Intertemporal Price Discrimination in Consumer Packaged Goods (JMP)
Temporary price promotions, or sales, are common in many markets. Using retail scanner data, I find that manufacturers, not retailers, control the timing of sales, while retailers exercise some control over the magnitude of the price decrease. I also find that observed sale policy is more consistent with intertemporal price discrimination than with other explanations. I develop an empirically tractable model that is consistent with these facts and use it to show that sales generally improve consumer surplus and total welfare relative to static pricing. I also find that the effects of market concentration on sales are ambiguous; firms must have some degree of market power for sales to occur, but there are also scenarios when an increase in market power can decrease the occurrence of sales or eliminate them entirely.
The Curious Case of the Canned Tuna Cartel: An Economic Analysis (joint with Minhae Kim, Nathan Miller, Marc Remer, and Matthew Weinberg)
We study a case of price-fixing between the three main suppliers of canned tuna in the United States: Bumble Bee, Chicken of the Sea, and StarKist. These firms pleaded guilty to collusion after having their cartel discovered during a standard merger review by the US Department of Justice. Our analysis demonstrates that an inability to maintain coordination and supra-competitive prices may have led to a merger between cartel members.
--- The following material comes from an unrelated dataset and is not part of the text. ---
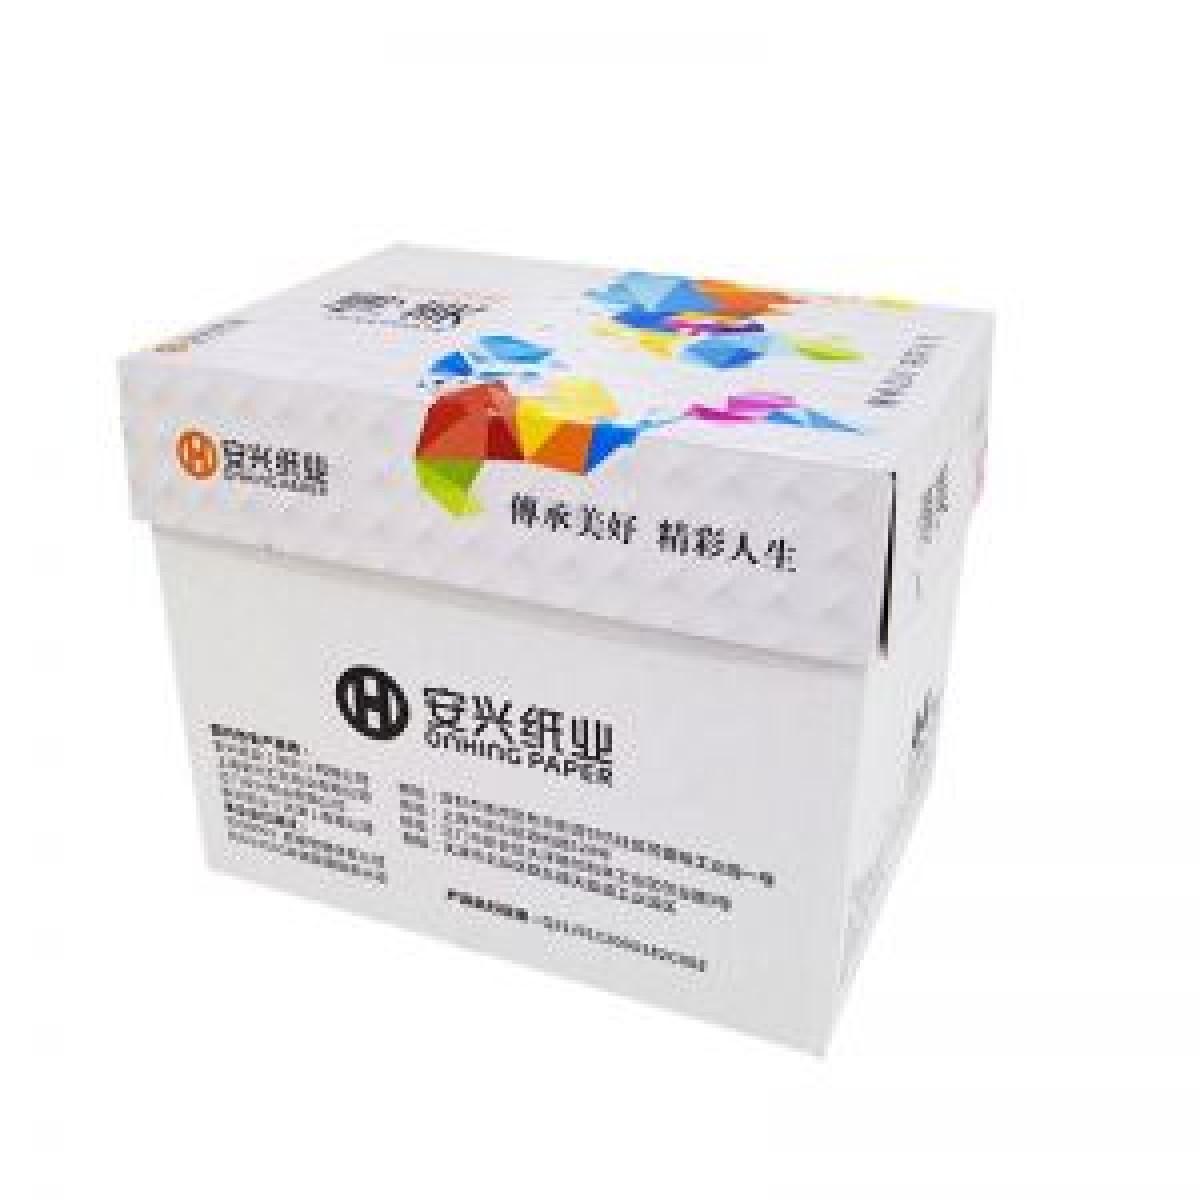 传美 彩色复印纸 500张包 绿色(粉绿) A4 80g

Reduced-form analysis shows that the producers increased prices on three separate occasions. However, high prices often fell following attempts to coordinate. We then estimate a dynamic demand model and impose structural supply-side restrictions to more fully understand the impact of the cartel. We find that the producers did increase prices above competitive levels for periods of time. However, all three suppliers were unable to implement or sustain these increases simultaneously. As such, coordination was unprofitable for two of the three producers.
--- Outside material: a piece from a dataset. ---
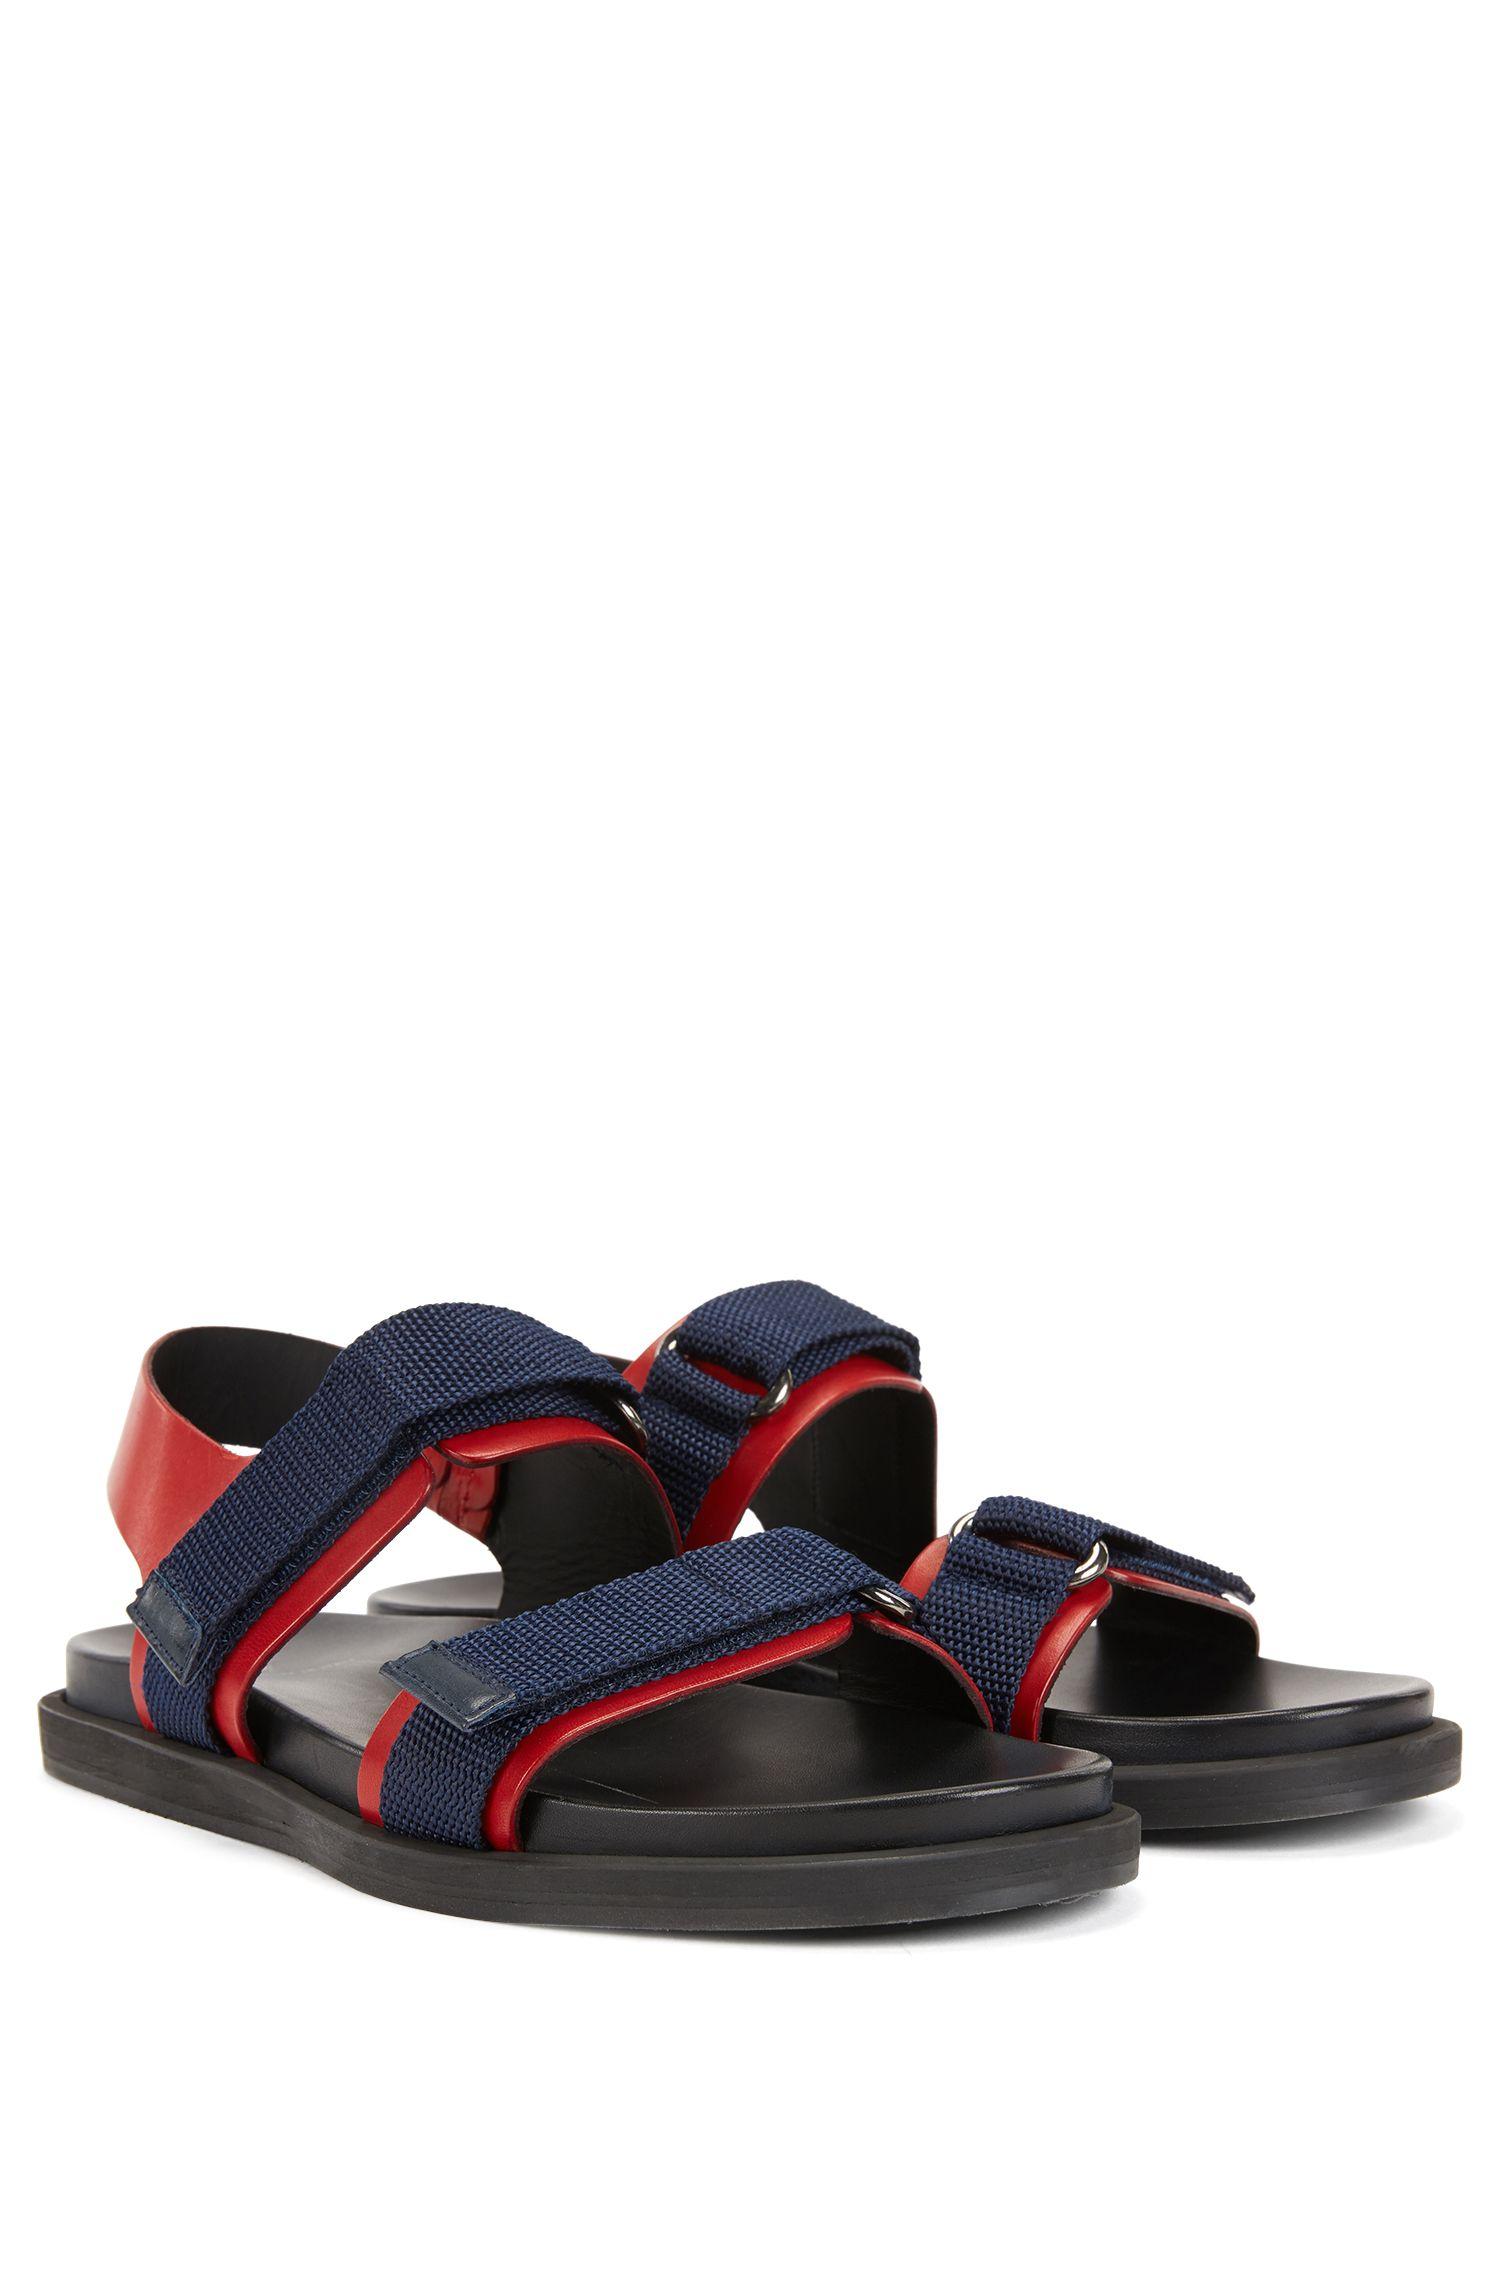 Sandalen aus italienischem Leder mit EVA-Sohle

A Price Leadership Model for Merger Analysis (with Nathan Miller, Gloria Sheu, and Matthew Weinberg). International Journal of Industrial Organization, Vol. 89 (2023).
We provide a methodology to simulate the coordinated effects of a proposed merger using data commonly available to antitrust authorities. The model follows the price leadership structure in Miller, Sheu, and Weinberg (2021) in an environment with logit or nested logit demand. The model calibration leverages profit margin data to separately identify the extent of coordinated pricing from marginal costs. Using this framework, we demonstrate how mergers can shift incentive compatibility (IC) constraints and thereby lead to adverse competitive effects. The IC constraints also affect the extent to which cost efficiencies and divestitures mitigate competitive harms.
Price-Fixing Allegations in the Canned Tuna Industry: A Look at the Data (with Minhae Kim, Nathan Miller, Marc Remer, and Matthew Weinberg). Antitrust Bulletin, Vol. 68, No. 1, 154-163 (2023).
In December of 2014, Thai Union, the parent company of Chicken of the Sea canned tuna announced that it had reached an agreement to acquire Bumble Bee tuna from Lion Capital. In the course of standard merger review, the Department of Justice subpoenaed the merging parties as well as the parent company of StarKist in order to investigate possible collusion among the major producers of canned tuna. This led to several class action lawsuits and a criminal conviction for price fixing. This paper describes how these firms were alleged to have colluded and uses retail scanner data to document how prices and promotional activity changed while the cartel was in operation. Avenues for future research are discussed.